Epístola (del griego: ἐπιστολ, epistolē) es un sinónimo de carta:[1]​ un texto cuya función principal es la comunicación entre el remitente o emisor (el escritor que la redacta y envía) y el destinatario o receptor. El uso del término suele implicar un registro culto o un contexto literario (el género epistolar).

En la actualidad es un término arcaico, por lo general restringido en su uso a las cartas didácticas sobre ética o religión; y particularmente para referirse a las obras del Nuevo Testamento que reciben el nombre de "epístolas", y donde se recogen las escritas por algunos apóstoles destinadas a las comunidades cristianas primitivas. Las tradicionalmente atribuidas a Pablo de Tarso se conocen como "epístolas paulinas" y el resto con el nombre genérico de "epístolas católicas" (es decir, "universales" o "generales").

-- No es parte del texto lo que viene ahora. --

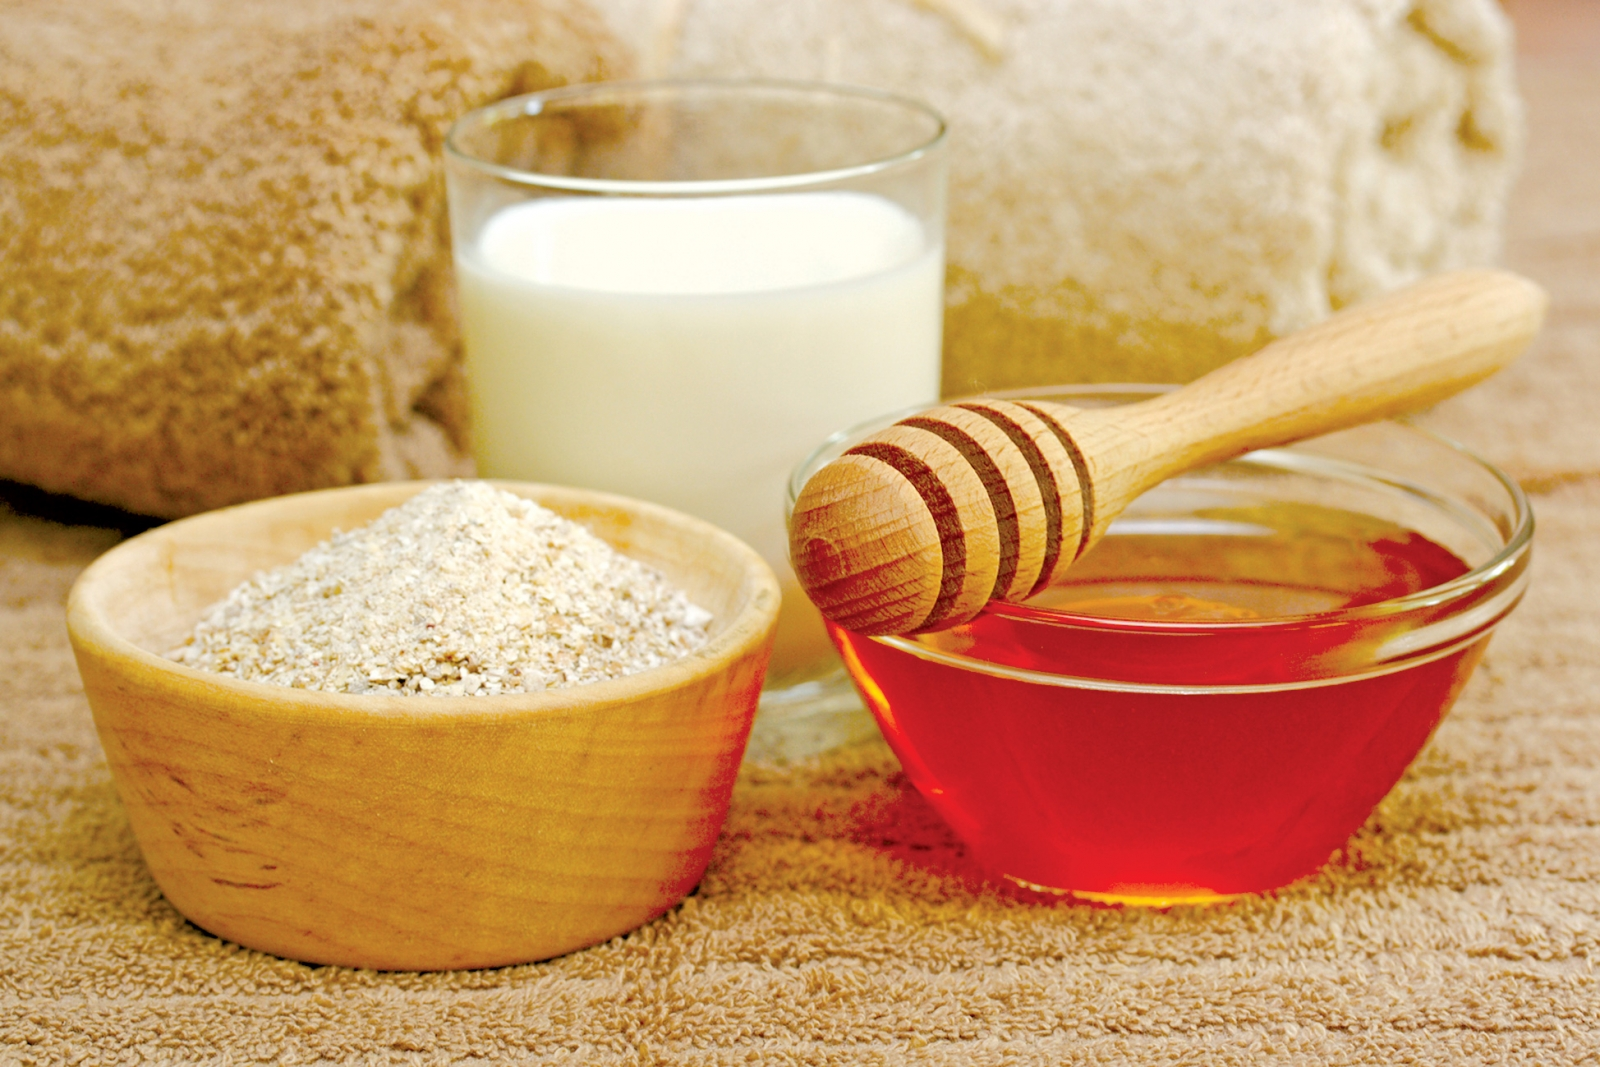 Image result for Baking soda mật ong sữa tươi

El género epistolar fue común en el Antiguo Egipto como parte del trabajo de los escribas, y están recogidas bajo el nombre de Sebayt (instrucciones), estando datadas las más antiguas en el siglo XXV a. C.

Los griegos cultivaron el género y dejaron un amplio corpus epistolar, que presenta notables problemas críticos.[2]​ Por ejemplo, muchas de las Cartas del filósofo Platón son de atribución insegura; lo mismo ocurre con bastantes de los autores reunidos en los Epistolographi Graeci (París, 1874)[3]​ de Rudolf Hercher. Son interesantes las de Filóstrato, Epicuro, Juliano; es una falsificación bastante antigua la correspondencia mantenida entre San Pablo y Séneca; otro fraude largo tiempo mantenido es el de las Cartas del tirano Falaris, que fue completamente desmontado por el filólogo inglés del siglo XVIII Richard Bentley. Los Santos Padres de habla griega nos dejaron también un epistolario muy abundante, por ejemplo San Basilio, San Juan Crisóstomo, San Gregorio Nacianceno, San Gregorio de Nisa. También griego es el tratado de Demetrio Sobre el estilo, fechable entre el siglo I a. C. y el I d. C., donde se define el género en los párrafos 223-235. No hay manuales de teoría epistolar más antiguos. Allí formula ya los elementos del género: próxima al diálogo, pero más elaborada.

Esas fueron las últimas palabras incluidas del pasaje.